» DIRECTIONS: Leaving out the images, reproduce every line of the data that follows exactly.

» DATA BLOCK:

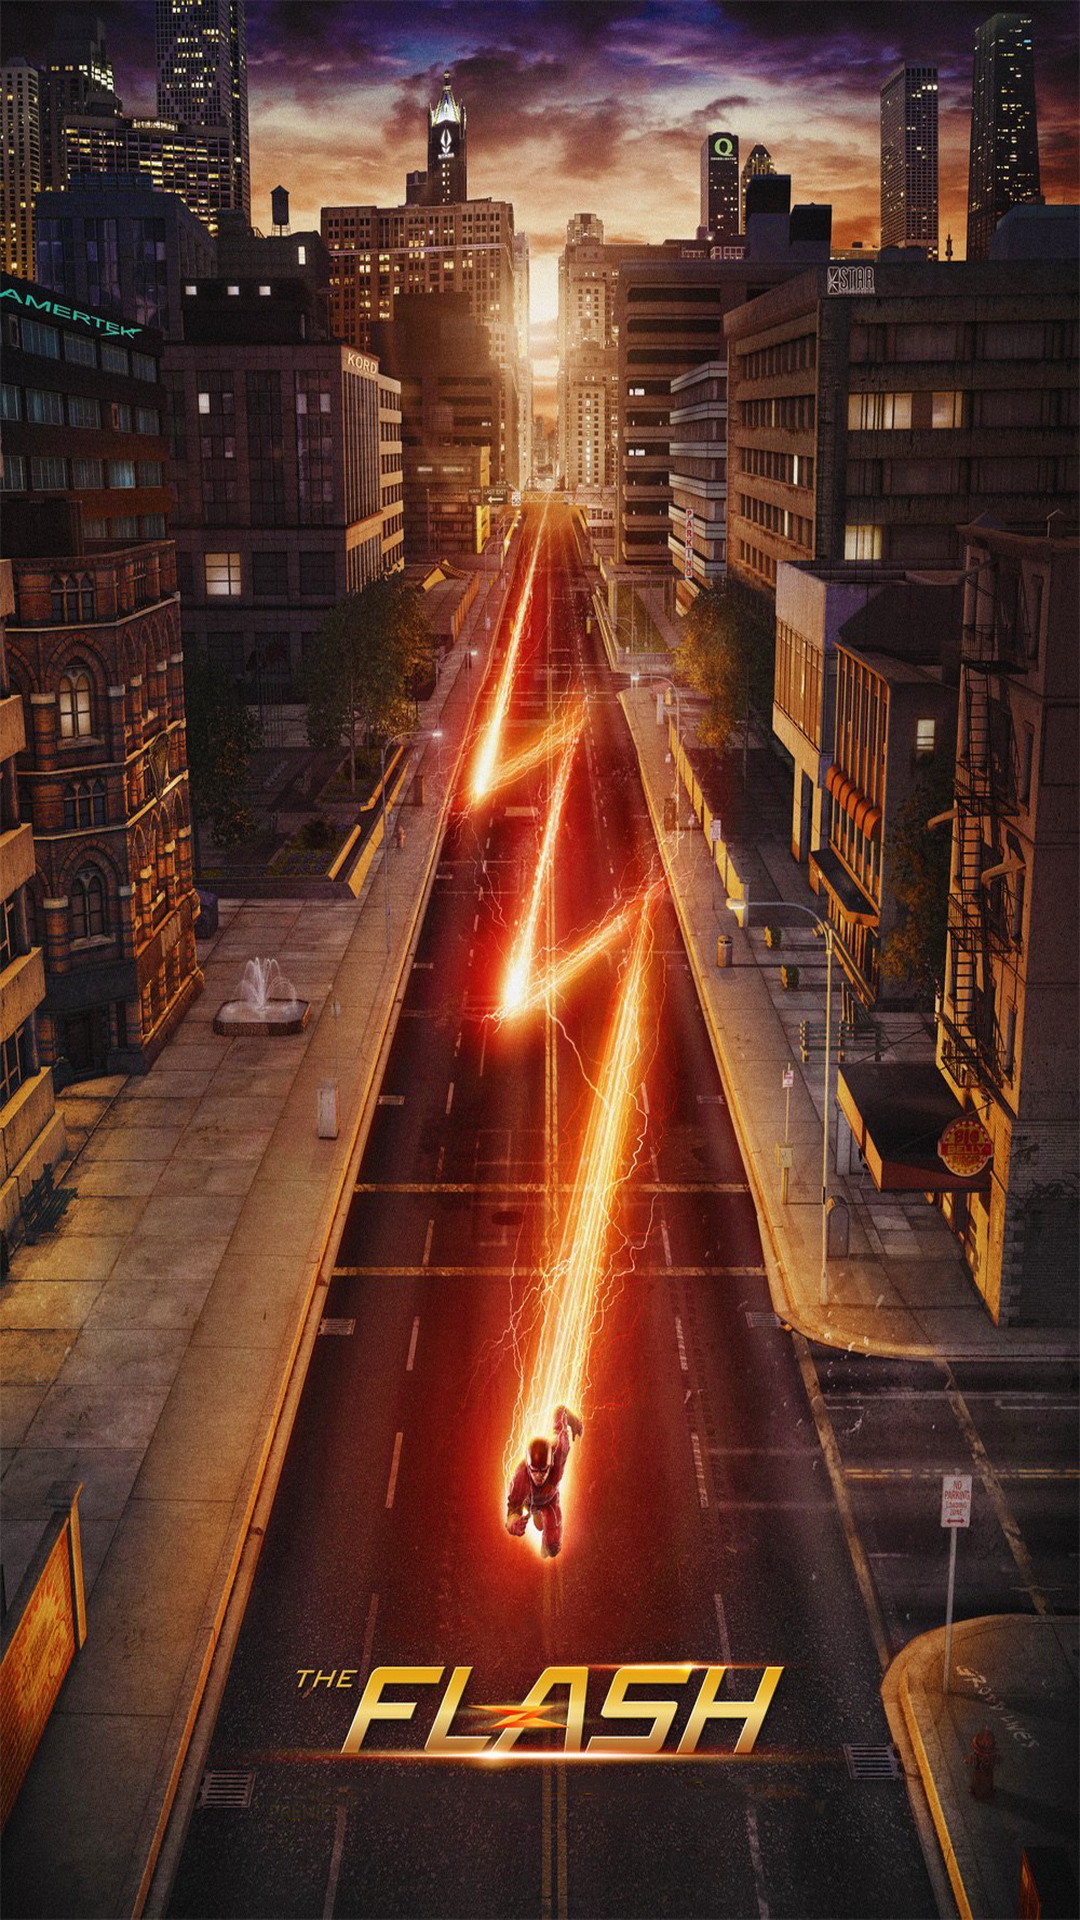 Wallpaper Weekends The Flash For Your Iphone 6 Plus Mactrast Iphone12 スマホ壁紙 待受画像ギャラリー
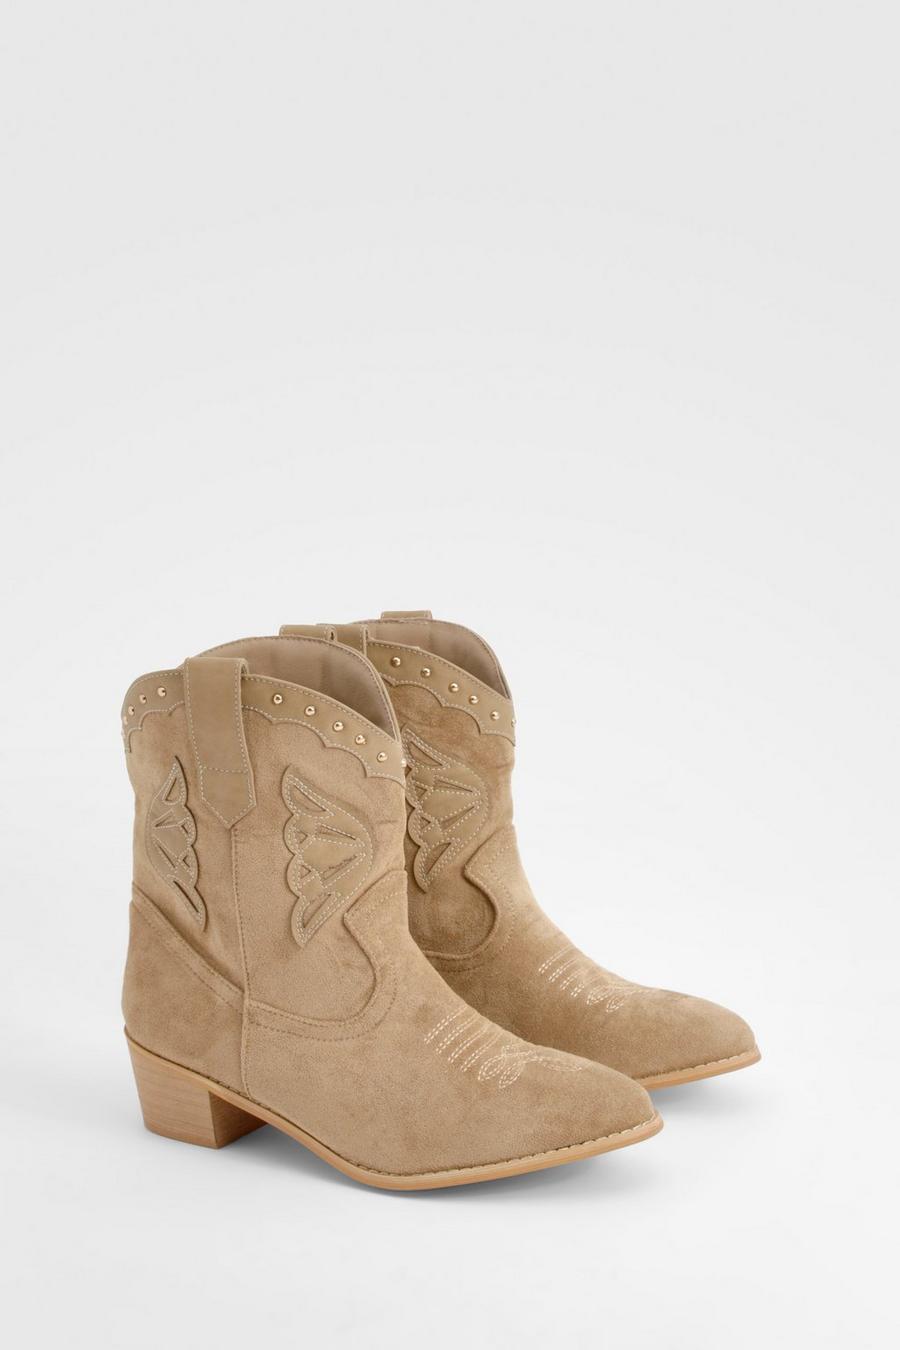 Taupe Studded Calf High Western Cowboy Boots image number 1
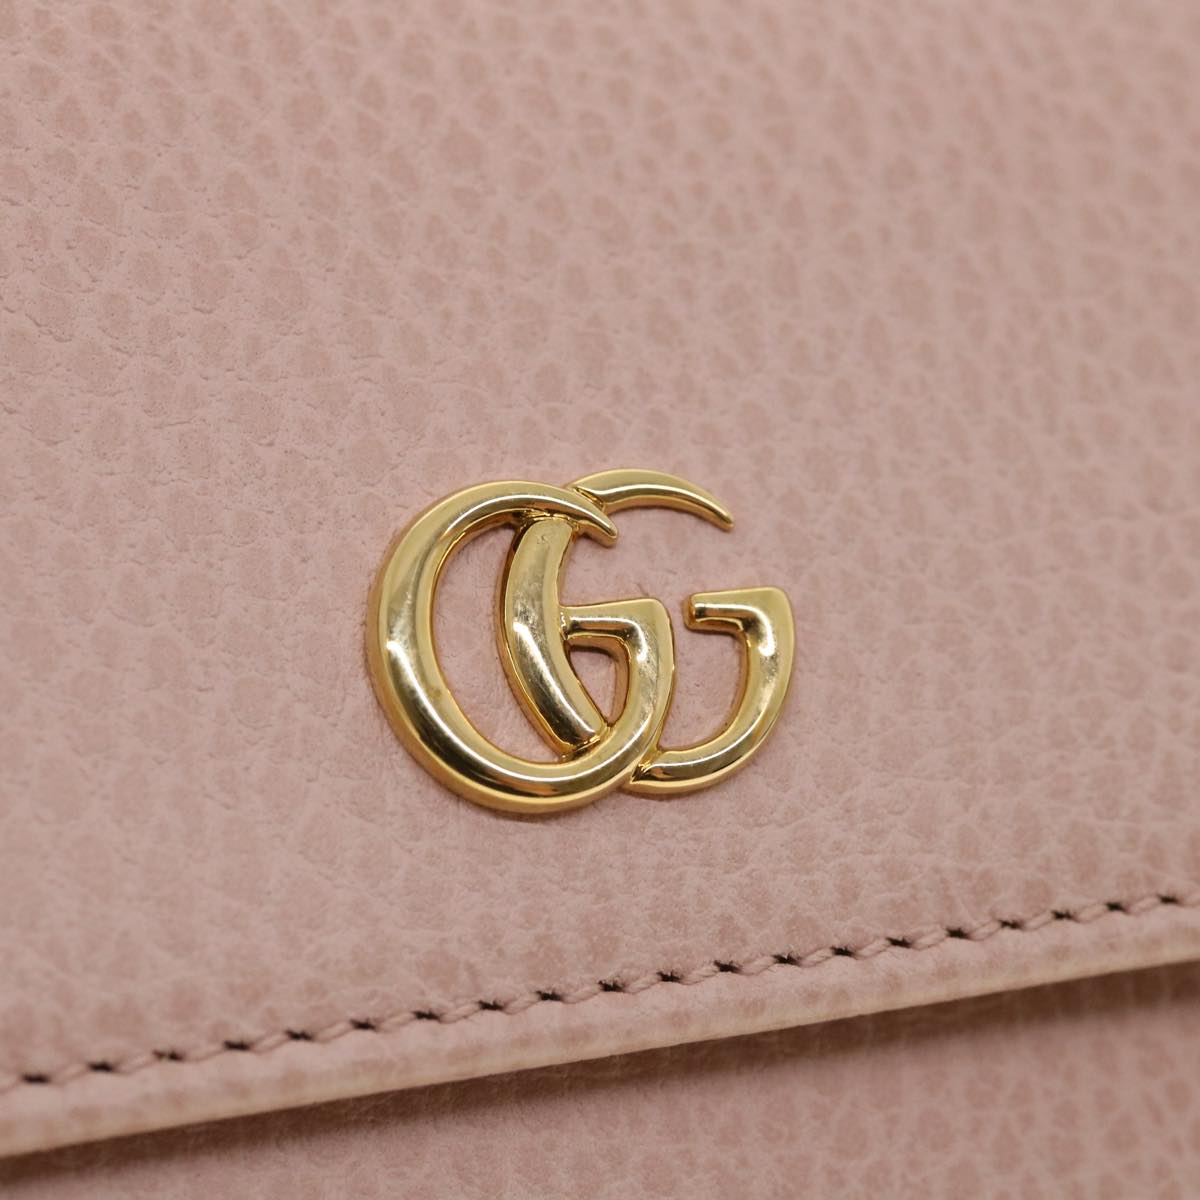 GUCCI GG Marmont Wallet Leather Pink 546584 Auth ki2633

» TASK RESULT:
 Wallpaper Weekends The Flash For Your Iphone 6 Plus Mactrast Iphone12 スマホ壁紙 待受画像ギャラリー
 Taupe Studded Calf High Western Cowboy Boots image number 1
 GUCCI GG Marmont Wallet Leather Pink 546584 Auth ki2633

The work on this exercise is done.